Building a rotation function

For services that Key Vault cannot rotate natively (a PostgreSQL password, a third-party API key), you write an Azure Function that implements the rotation logic. The function receives the SecretNearExpiry event from Event Grid and performs these steps:

  1. Read the current secret name from the event payload.
  2. Generate a new credential value (a random password, or call the third-party service’s API to generate a new token).
  3. Update the credential in the external system (change the database password, deactivate the old API key).
  4. Store the new credential in Key Vault as a new version of the secret.
  5. Update the secret’s expiry to a new date.
  6. Optionally restart the consuming applications.

The function needs the Managed Identity of the Function App to have Key Vault Secrets Officer permission (so it can write new secret versions) and whatever credentials are needed to update the external system.

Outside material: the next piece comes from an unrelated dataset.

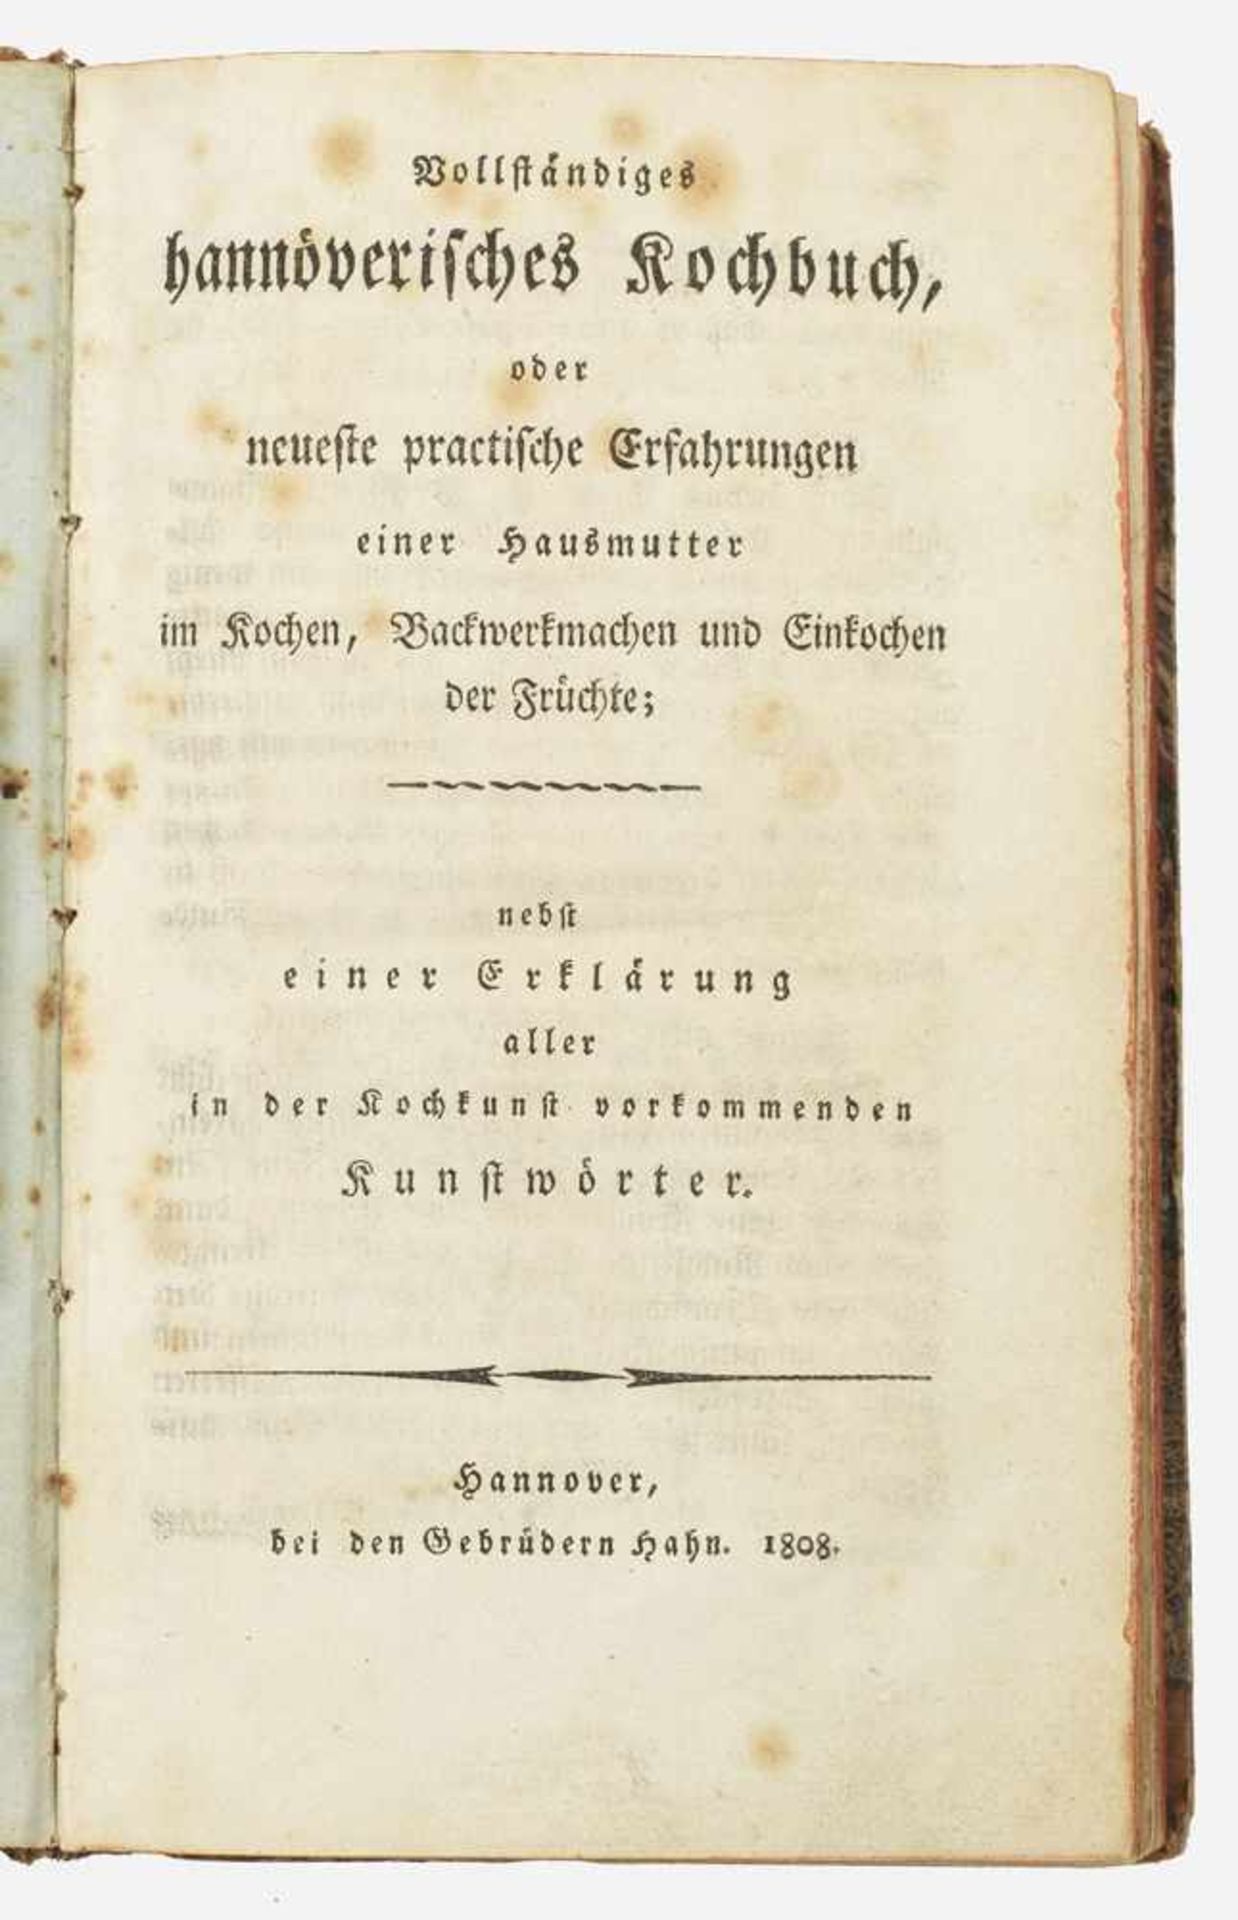 "Vollständiges hannoverisches Kochbuch". Originaltitel"oder neueste practische Erfahrungen einer

Microsoft publishes sample rotation functions on GitHub for several common scenarios (storage accounts, Cosmos DB, SQL). Search for “azure-samples/KeyVault-Rotation” to find starting templates that implement the two-version pattern. Adapt the pattern to your specific external service rather than writing from scratch.

Common mistakes

  1. Doing a direct swap without the two-version pattern. Disabling the old secret and immediately creating the new one creates a downtime window proportional to how long your apps take to pick up the new value. Use the two-version approach to eliminate this window.
  2. Forgetting to set expiry dates on secrets. Without expiry dates, the SecretNearExpiry event never fires. Set expiry dates on all secrets that should be rotated, even if the exact date is far in the future — it ensures the notification system has something to trigger on.
  3. Purging old secret versions immediately after rotation. The previous secret version may still be in use by app instances that have not yet refreshed. Keep old versions disabled but not purged for at least as long as your application’s credential caching period (typically 24 hours for Key Vault references, or longer for SDK-based caching).
  4. Not testing rotation before an incident. The worst time to discover that your rotation function fails is during a security incident when you urgently need to rotate a compromised credential. Test the rotation process in a non-production environment to confirm it works end-to-end.

Frequently asked questions

Does Key Vault automatically rotate my secrets?

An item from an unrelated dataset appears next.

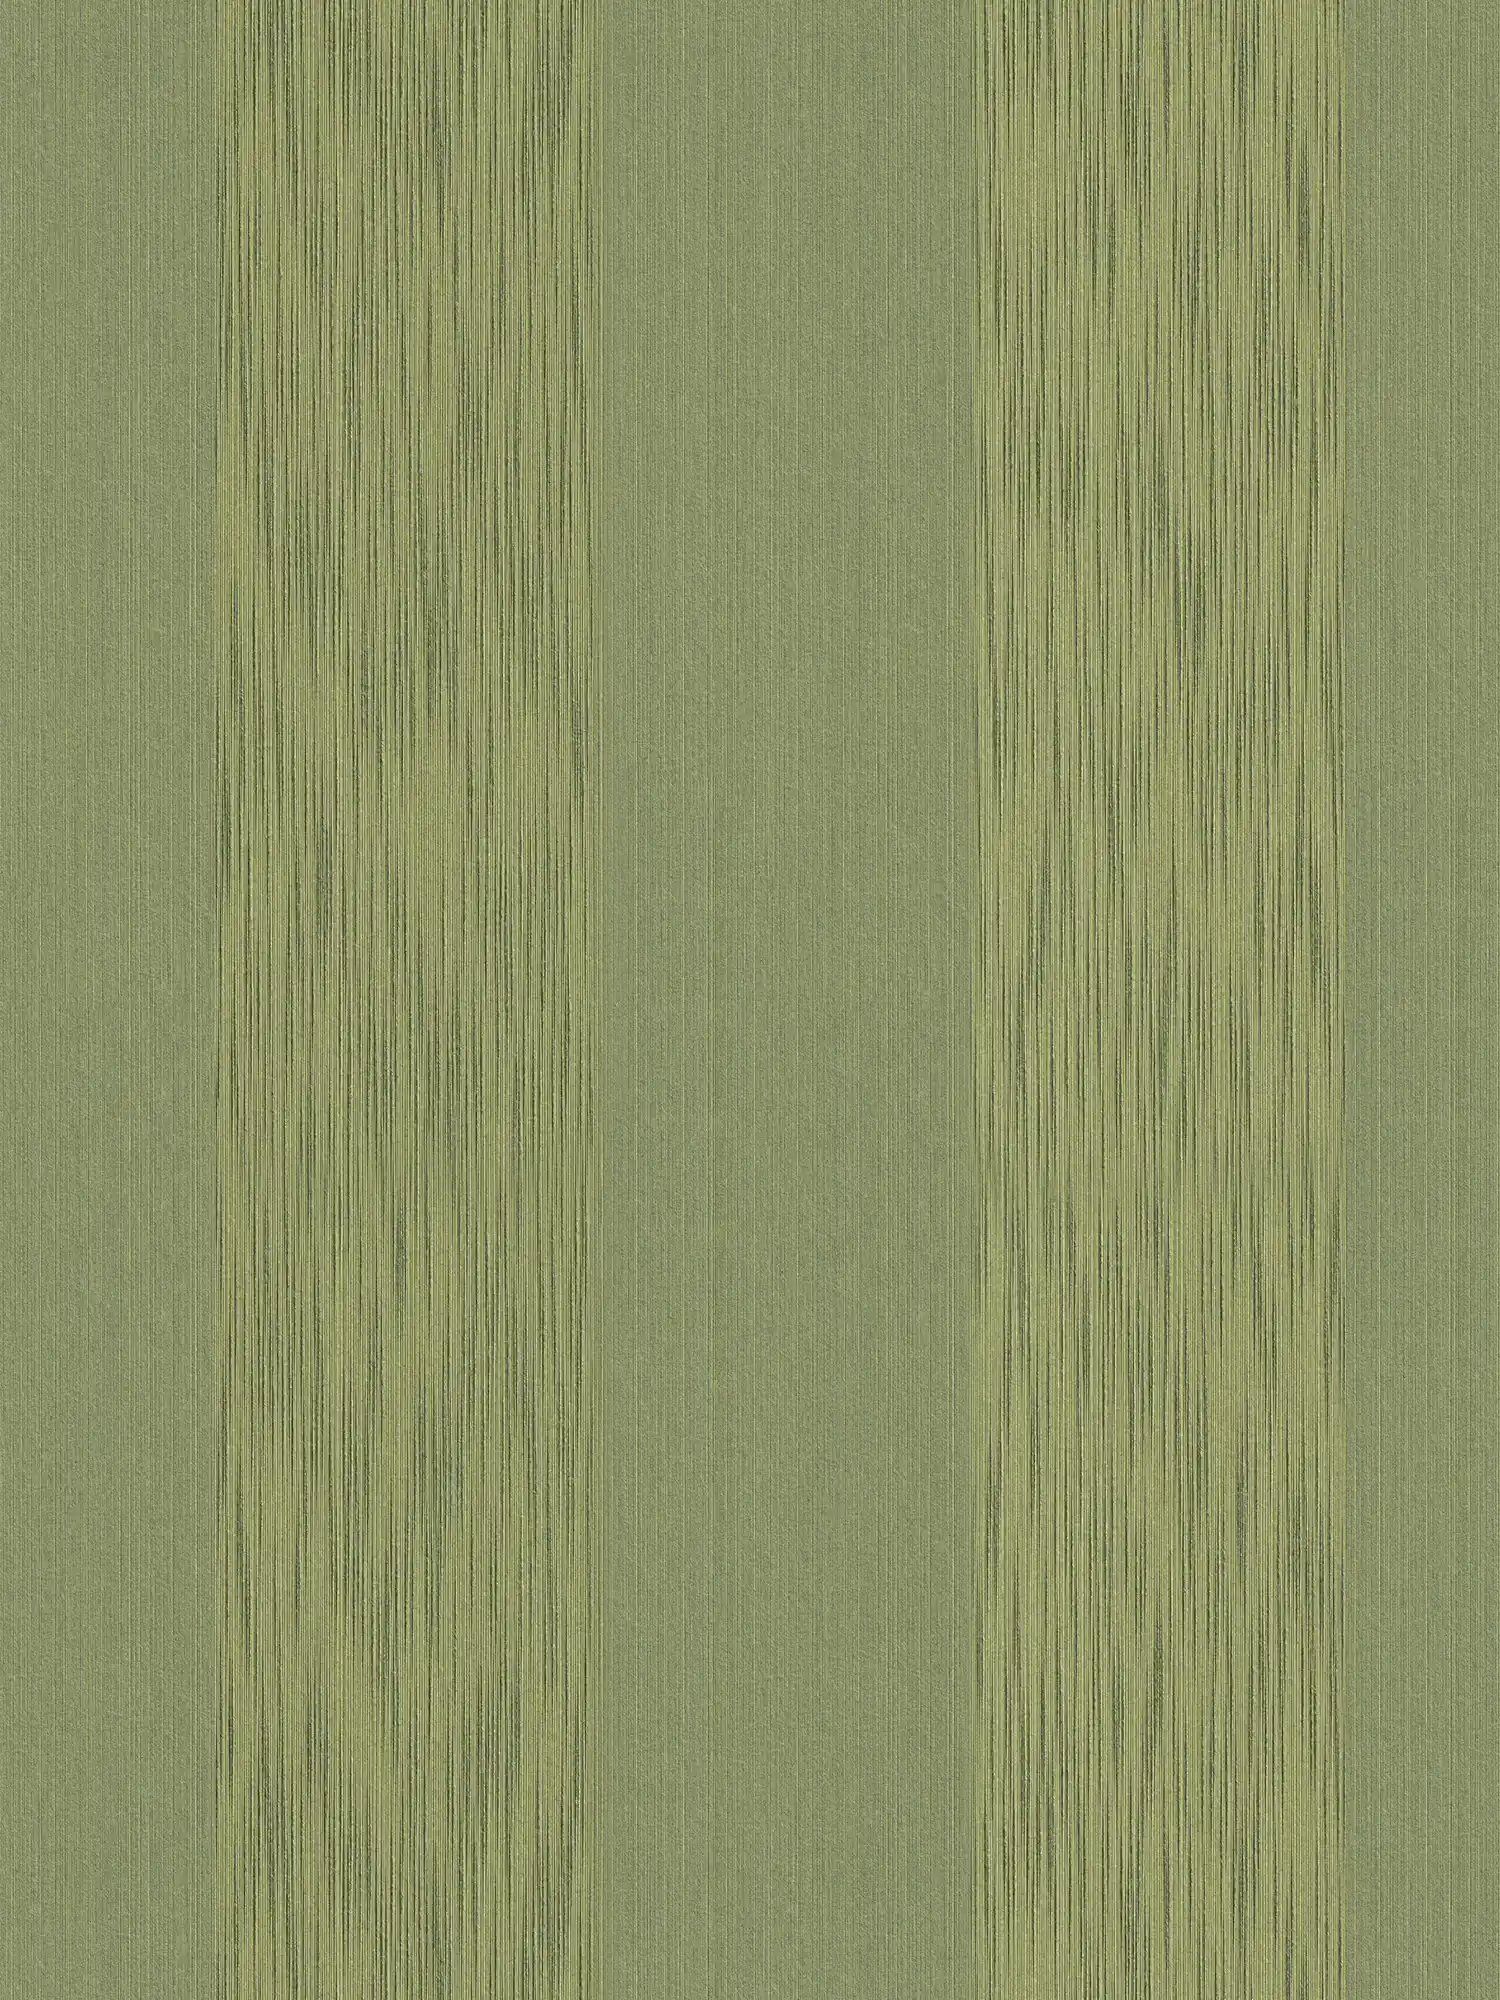 Papel pintado texturizado con efecto metálico y diseño de rayas - verde

Key Vault can automatically rotate secrets for supported Azure services — specifically Azure Storage account access keys and Azure Cosmos DB access keys — using built-in rotation functions. For other secret types (like a database password or a third-party API key), Key Vault can send you a notification near expiry (via Event Grid), but the actual rotation logic — changing the password and updating the secret in Key Vault — requires a custom Azure Function that you write and connect to the event.

What is the two-version rotation pattern?

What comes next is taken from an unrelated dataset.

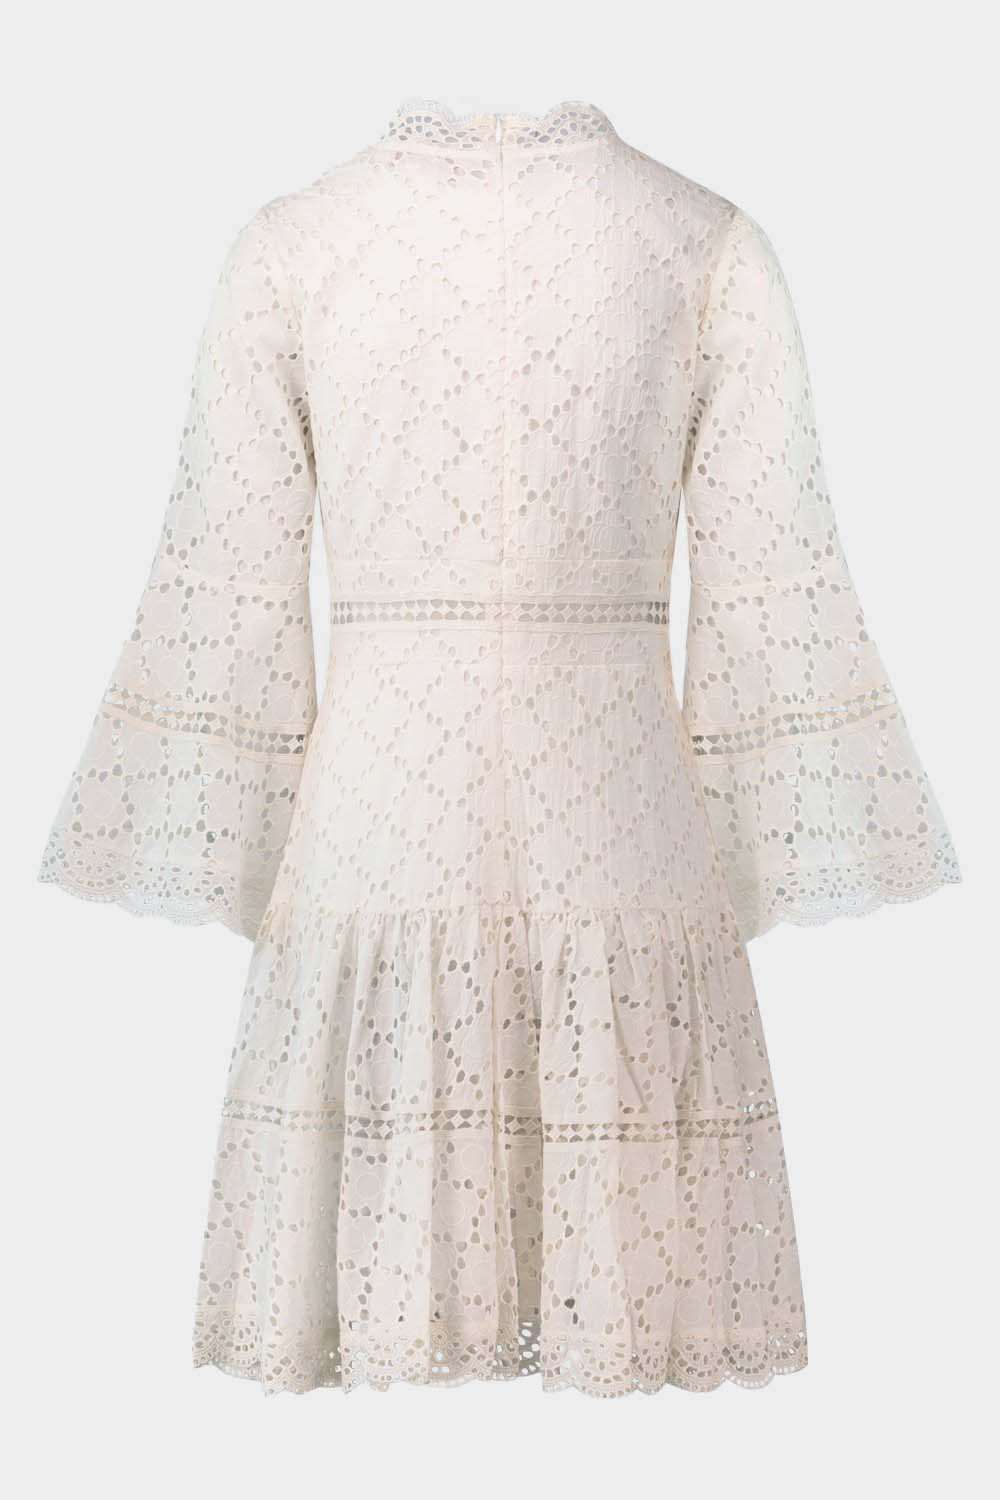 שמלת ABLYA לנשים עיטורי תחרה RENE DERHY Vendome online | ונדום .

It is a pattern where you always keep two valid secret versions active simultaneously during a rotation. Version 1 is the current value. You create version 2 (the new value), deploy it to the external system, verify all your applications have picked it up, and only then disable version 1. This means there is never a moment when only the new value works but some applications are still using the old one — avoiding the downtime window that a direct swap creates.

If my app uses a versionless Key Vault reference, does it automatically pick up rotated secrets?

App Service and Azure Functions Key Vault references resolve the secret periodically — roughly every 24 hours, or immediately if you restart the app. When a new secret version is created, your app will pick it up on the next resolution cycle without redeployment. If you need the app to pick it up faster after rotation, you can trigger a restart via the CLI or the portal, or use the app restart step in your rotation function.

Last verified: 19 March 2026 Cloud services change frequently. Verify details against official documentation before making infrastructure decisions.